I wrote the following Ruby script several years ago and have been using it often ever since on a Bioinformatics computer cluster.
It pulls out a list of hosts from the Torque queuing system qnodes
. It ssh
'es and runs a command on all the nodes. Then it prints the output and/or errors in a defined order (alphabetical sort of the hostnames).
A nice feature: results are printed immediately for the host that is next in the order.
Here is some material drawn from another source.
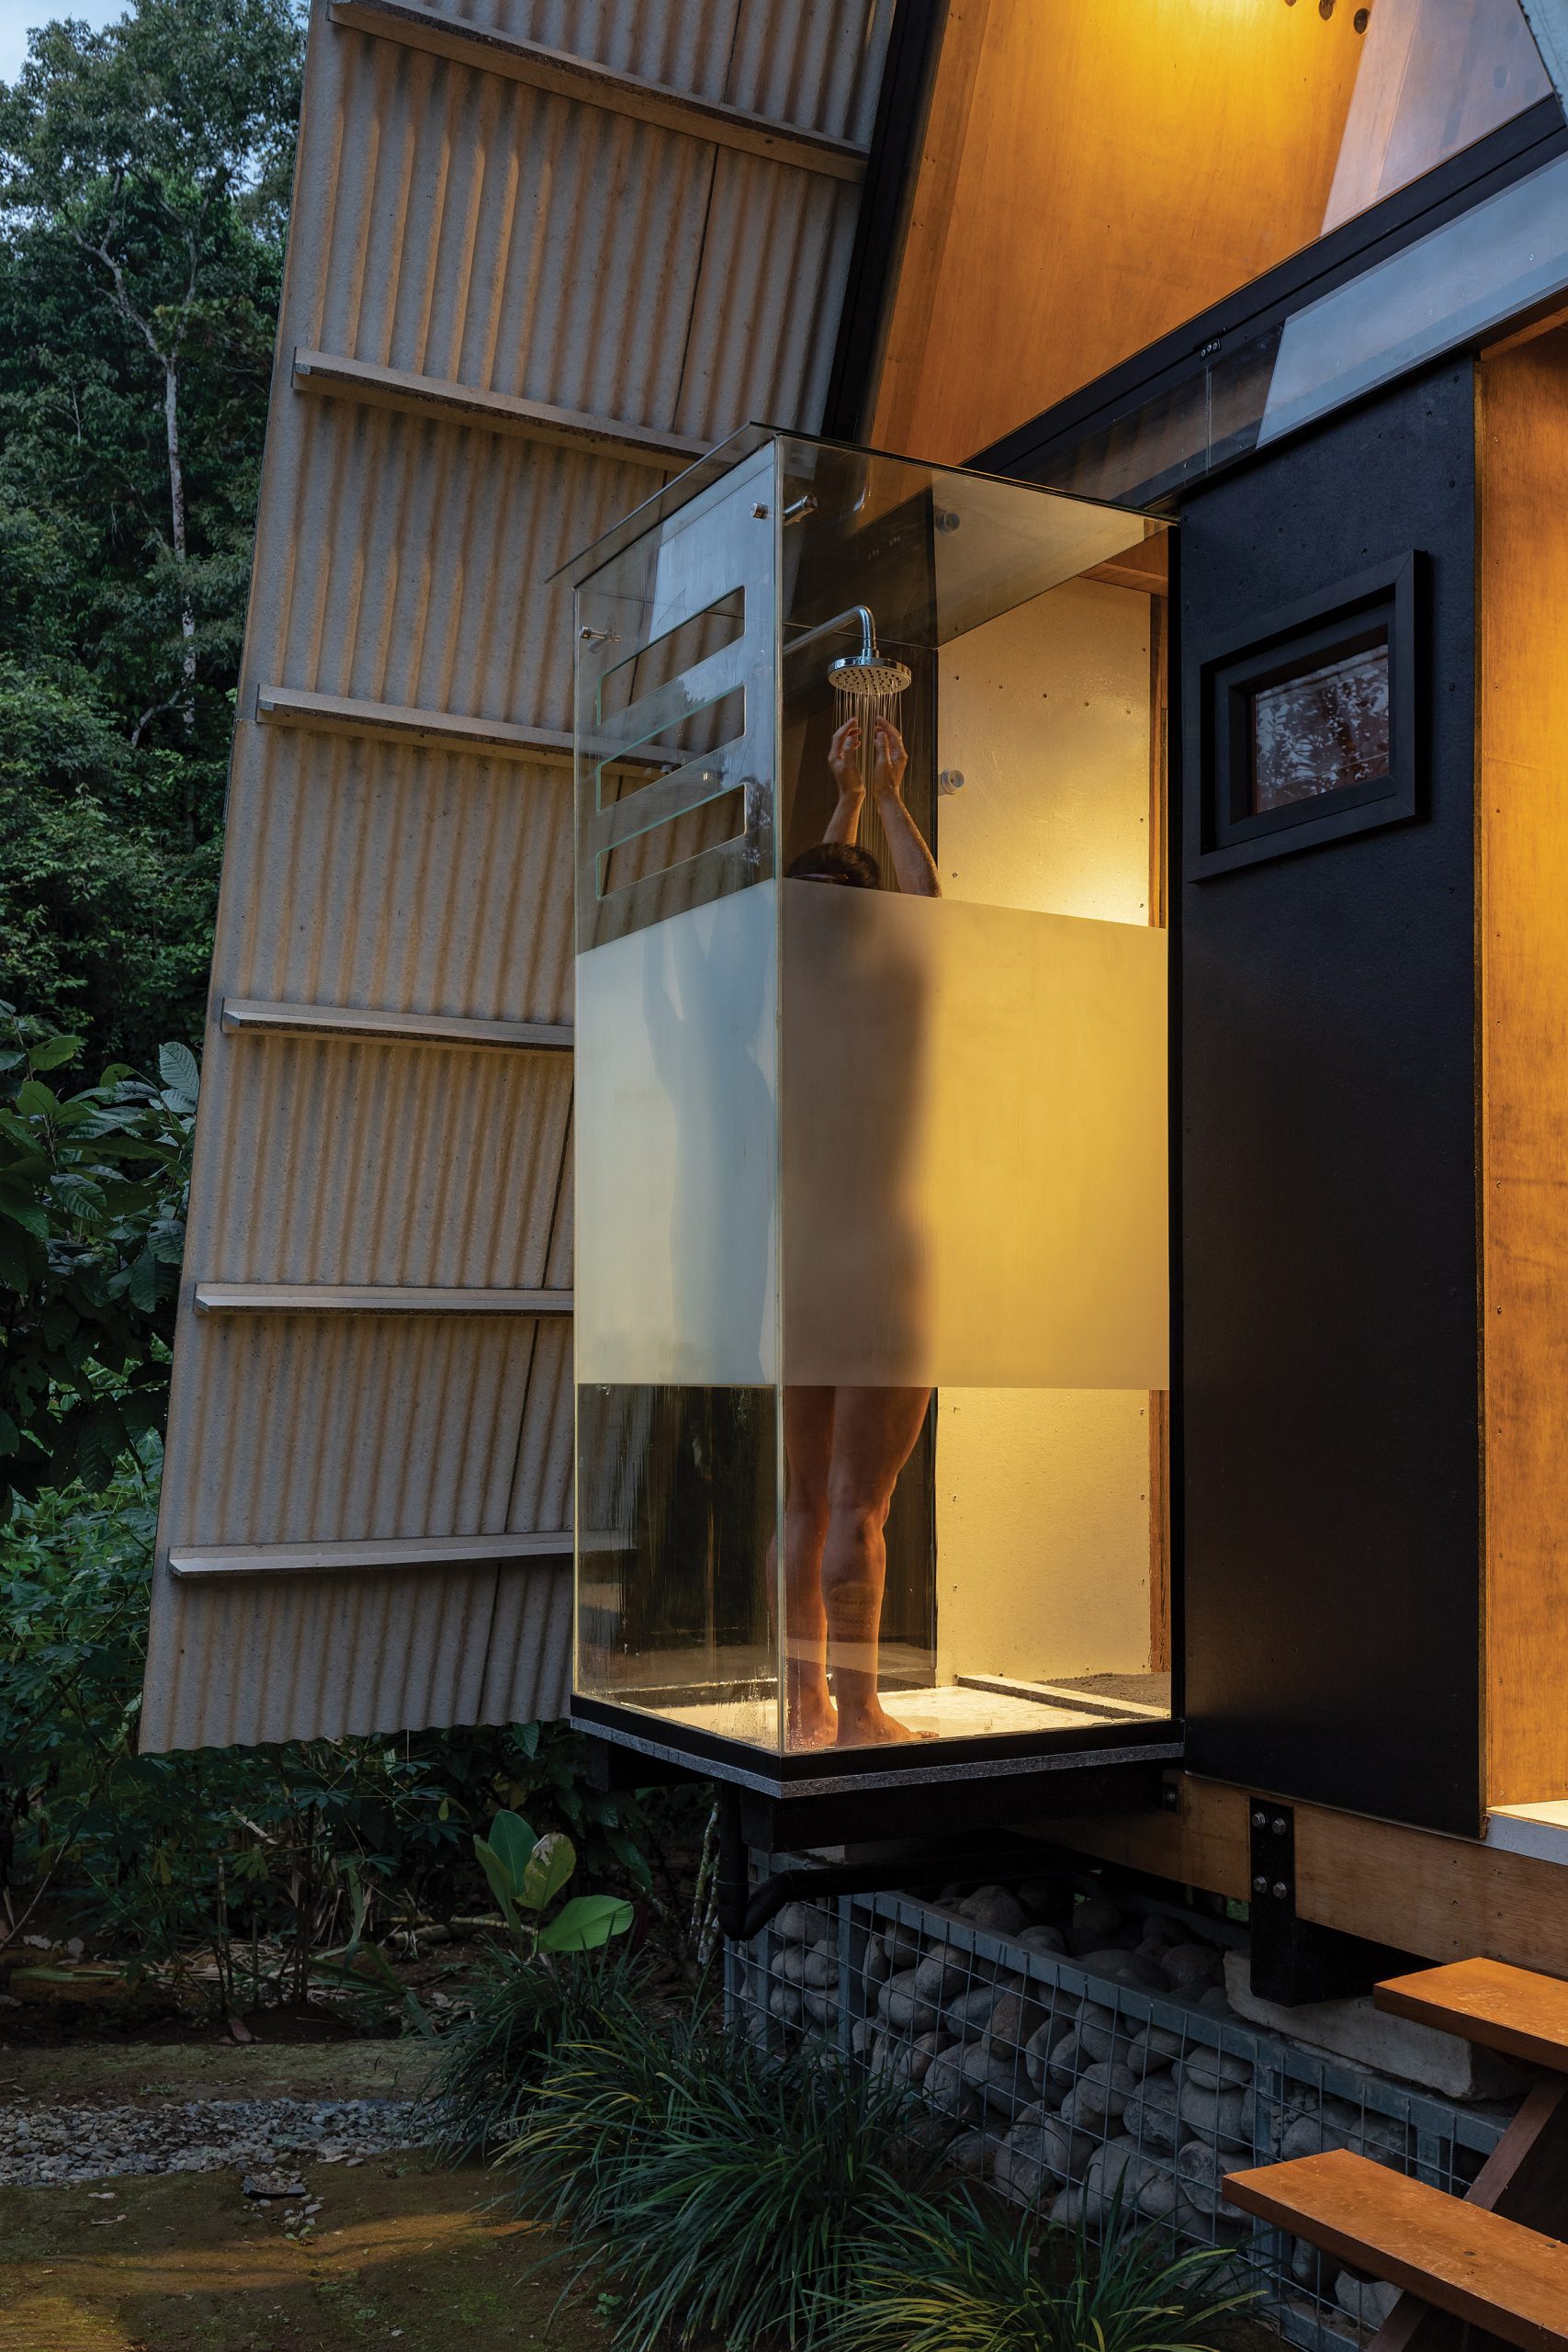 The shower of the Huaira cabin by Diana Salvador and Javier Mera in Ecuador

I would like to use it as an example for a Ruby workshop. Could you please suggest best-practice and design pattern improvements?
#!/usr/bin/ruby
EXCLUDE = [/girkelab/, /biocluster/, /parrot/, /owl/]
require "open3"
# Non-interactive, no password asking, and seasonable timeouts
SSH_OPTIONS = ["-o PreferredAuthentications=publickey,hostbased,gssapi,gssapi-with-mic",
"-o ForwardX11=no",
"-o BatchMode=yes",
"-o SetupTimeOut=5",
"-o ServerAliveInterval=5",
"-o ServerAliveCountMax=2"
].join(" ")
SSH = "/usr/bin/ssh #{SSH_OPTIONS}"
MKDIR = "/bin/mkdir"
raise "Pleae give this command at least one argument" if ARGV.size < 1
COMMAND = ARGV[0..-1].join(' ')
output_o = {}
output_e = {}
IO_CONNECTIONS_TO_REMOTE_PROCESSES = {}
def on_all_nodes(&block)
nodes = []
Kernel.open('|qnodes | grep -v "^ " | grep -v "^$"') do |f|
while line = f.gets
i = line.split(' ').first
nodes.push(i) if EXCLUDE.select{|x| i =~ x}.empty?
end
end
nodes.sort.each {|n| block.call(n)}
end
# Create processes
on_all_nodes do |node|
stdin, stdout, stderr = Open3.popen3("#{SSH} #{node} \"#{COMMAND}\"")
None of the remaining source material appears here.